╔══

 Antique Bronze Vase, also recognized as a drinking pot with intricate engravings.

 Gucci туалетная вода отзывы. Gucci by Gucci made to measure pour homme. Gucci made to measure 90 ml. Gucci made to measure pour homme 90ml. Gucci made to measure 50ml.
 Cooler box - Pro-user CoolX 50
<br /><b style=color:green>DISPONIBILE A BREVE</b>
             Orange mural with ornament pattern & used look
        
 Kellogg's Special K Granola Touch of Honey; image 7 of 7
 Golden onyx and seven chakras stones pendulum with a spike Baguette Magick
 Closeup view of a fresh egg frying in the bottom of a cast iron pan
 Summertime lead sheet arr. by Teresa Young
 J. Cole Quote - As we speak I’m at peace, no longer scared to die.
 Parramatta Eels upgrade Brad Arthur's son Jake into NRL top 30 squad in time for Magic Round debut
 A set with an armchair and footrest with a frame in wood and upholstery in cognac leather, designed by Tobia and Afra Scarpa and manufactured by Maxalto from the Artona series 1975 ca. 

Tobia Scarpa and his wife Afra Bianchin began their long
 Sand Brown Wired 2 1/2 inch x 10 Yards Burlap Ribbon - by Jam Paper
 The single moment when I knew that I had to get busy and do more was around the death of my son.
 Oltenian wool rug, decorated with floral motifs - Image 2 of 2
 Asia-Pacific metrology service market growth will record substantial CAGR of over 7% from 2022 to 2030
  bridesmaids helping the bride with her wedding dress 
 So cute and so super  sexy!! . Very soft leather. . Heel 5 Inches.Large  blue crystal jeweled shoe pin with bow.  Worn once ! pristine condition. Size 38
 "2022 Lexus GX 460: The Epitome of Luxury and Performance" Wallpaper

╚══

◆ **TASK**
The span to print begins at the line containing "Oltenian wool rug, decorated" and ends at the final line of the entries; print it exactly and print nothing else.

◆ **ANSWER BELOW**
 Oltenian wool rug, decorated with floral motifs - Image 2 of 2
 Asia-Pacific metrology service market growth will record substantial CAGR of over 7% from 2022 to 2030
  bridesmaids helping the bride with her wedding dress 
 So cute and so super  sexy!! . Very soft leather. . Heel 5 Inches.Large  blue crystal jeweled shoe pin with bow.  Worn once ! pristine condition. Size 38
 "2022 Lexus GX 460: The Epitome of Luxury and Performance" Wallpaper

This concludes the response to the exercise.